In addition to being a fine writer of fiction, Zora Neale Hurston was a folklorist and cultural anthropologist. About her writing, Hurston once said, “I tried…not to pander to the folks who expect a clown and a villain in every Negro. Neither did I want to pander to those “race” people among us who see nothing but perfection in all of us.” In a letter to her friend and fellow writer Fannie Hurst, Hurston wrote, “I know I cannot straighten out with a few pen-strokes what God and men took centuries to mess up. So I tried to deal with life as we actually live it–not as the sociologists imagine it.”
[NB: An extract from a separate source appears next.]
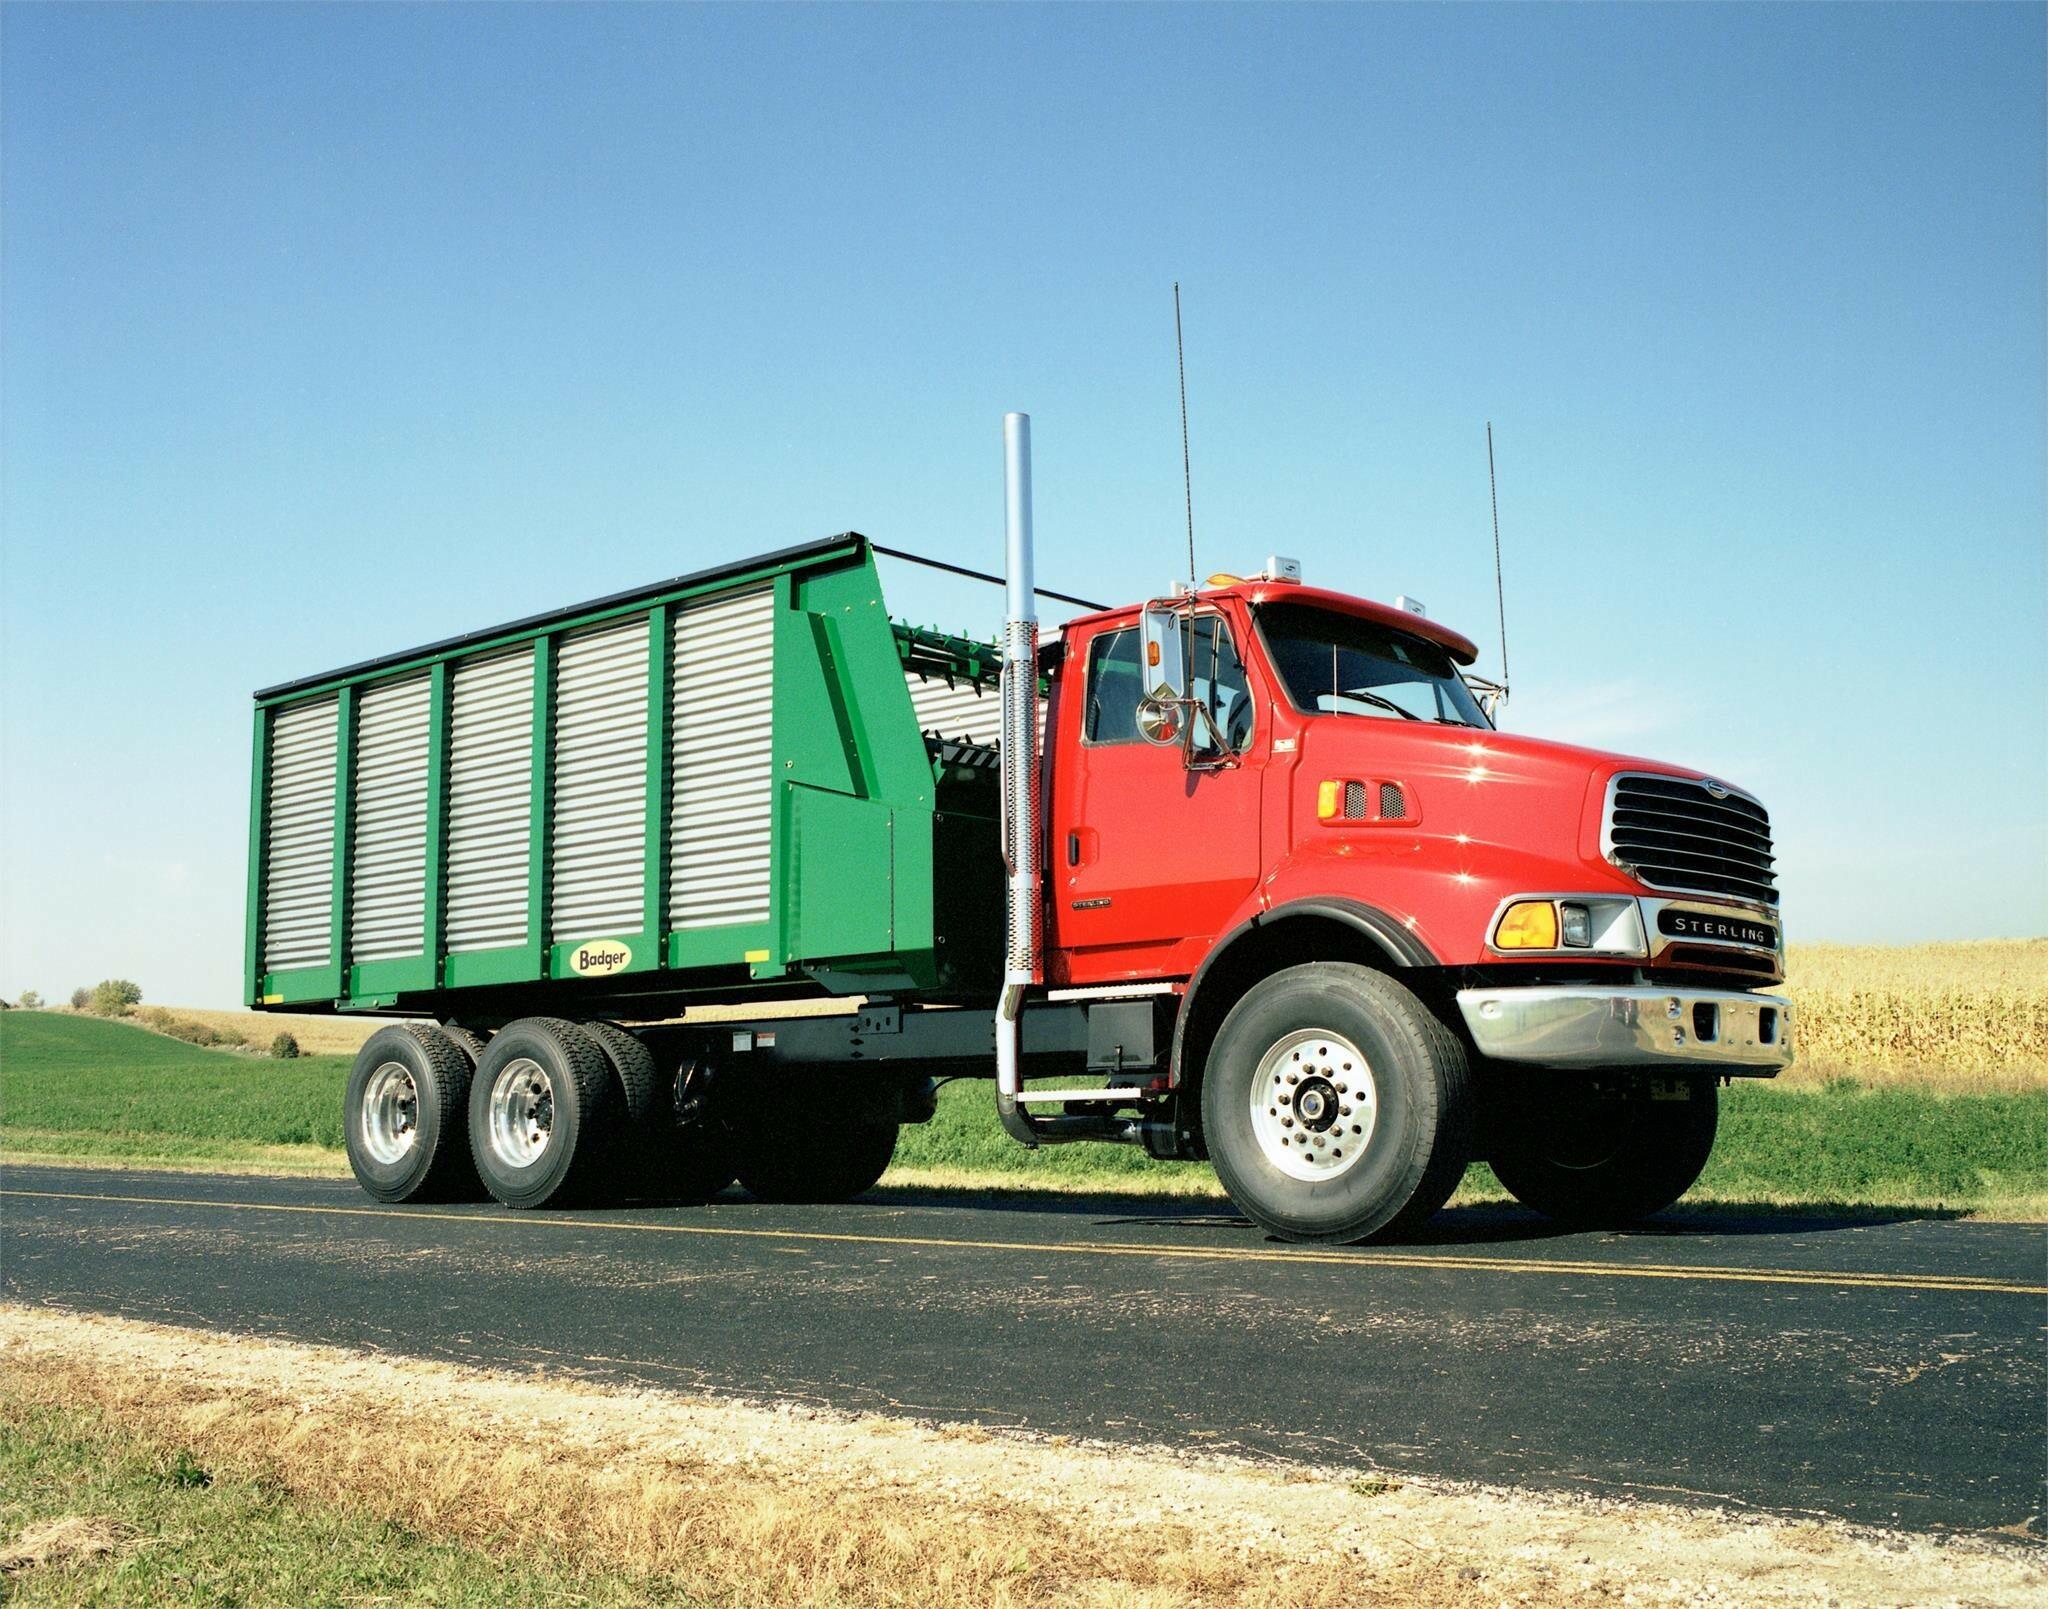 2021 Badger 1200 Forage Wagon

Hurston’s efforts were not universally appreciated by other members of the Harlem Renaissance, most notably Richard Wright. In a 1937 review for New Masses, Wright chided Hurston for not focusing on “motive fiction” or “social document fiction” and had particularly stinging things to say about her use of dialect in Their Eyes Were Watching God:
Her dialogue manages to catch the psychological movements of the Negro folk-mind in their pure simplicity, but that’s as far as it goes.
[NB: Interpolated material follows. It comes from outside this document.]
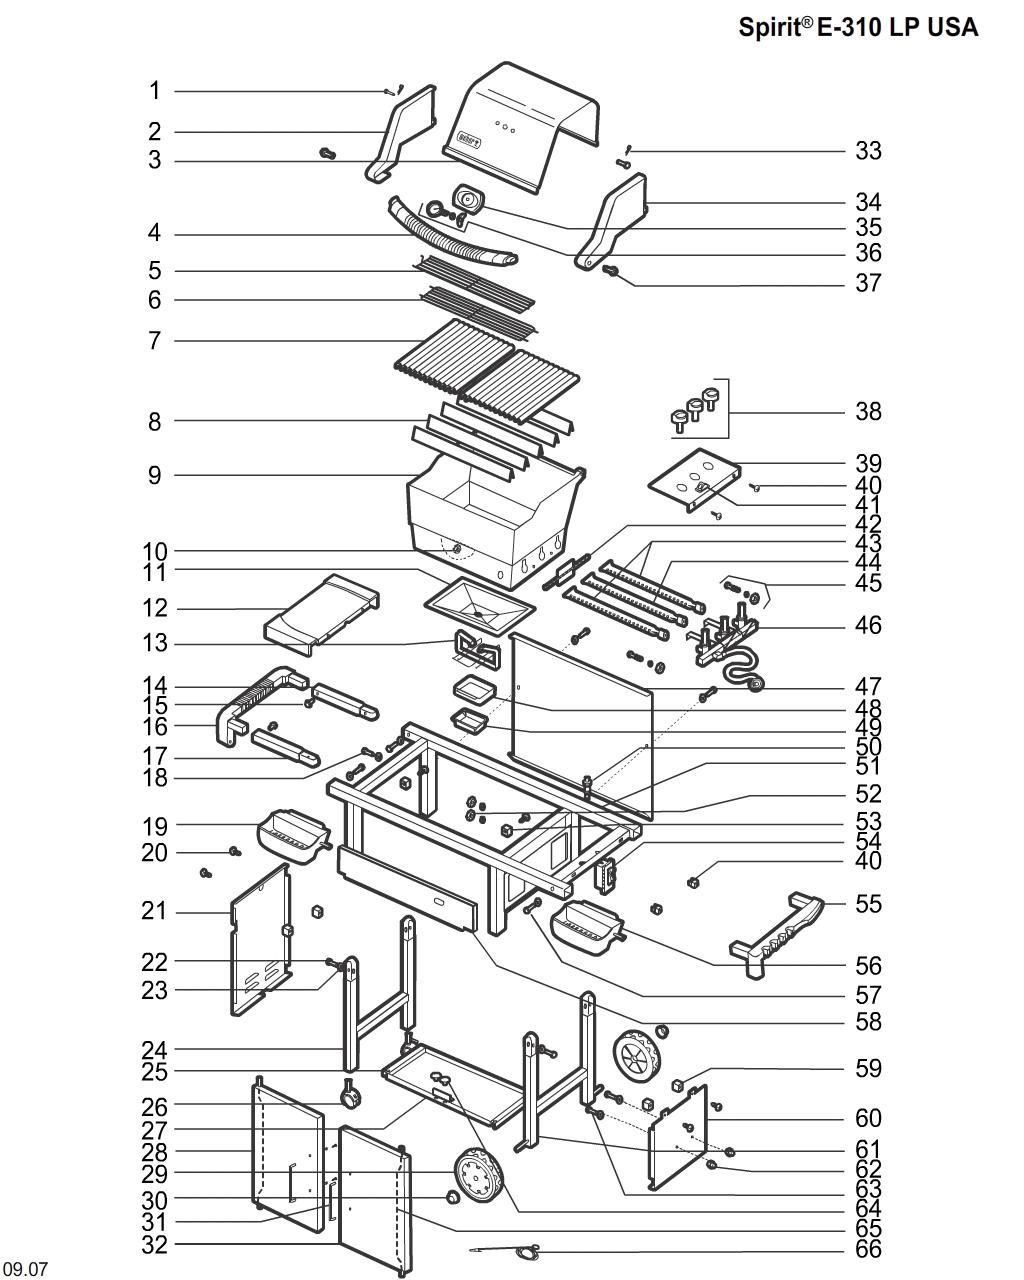 Schematic Image 3721001

Miss Hurston voluntarily continues in her novel the tradition which was forced upon the Negro in the theatre, that is, the minstrel technique that makes the “white folks” laugh. Her characters eat and laugh and cry and work and kill; they swing like a pendulum eternally in that safe and narrow orbit in which America likes to see the Negro live: between laughter and tears.
Like Mark Twain before her, Hurston was exacting in her reproduction of speech patterns, both writers valuing authenticity over the preferences of the time. The following is a passage from “Characteristics of Negro Expression,” written by Hurston and published in Negro, 1934.
If we are to believe the majority of writers of Negro dialect and the burnt-cork artists, Negro speech is a weird thing, full of “ams” and “Ises.” Fortunately, we don’t have to believe them. We may go directly to the Negro and let him speak for himself.
I know that I run the risk of being damned as an infidel for declaring that nowhere can be found the Negro who asks “am it?” nor yet his brother who announces “Ise uh gwinter.” He exists only for a certain type of writers and performers.
Very few Negroes, educated or not, use a clear clipped “I.” It verges more or less upon “Ah.” I think the lip form is responsible for this to a great extent. By experiment the reader will find that a sharp “i” is very much easier with a thin taut lip than with a full soft lip. Like tightening violin strings.
If one listens closely one will not too that a word is slurred in one position in the sentence but clearly pronounced in another. This is particularly true of the pronouns. A pronoun as a subject is likely to be clearly enunciated, but slurred as an object. For example: “You better not let me ketch yuh.”
There is a tendency in some localities to add the “h” to “it” and pronounce it “hit.” Probably a vestige of Old English. In some localities “if” is “ef.”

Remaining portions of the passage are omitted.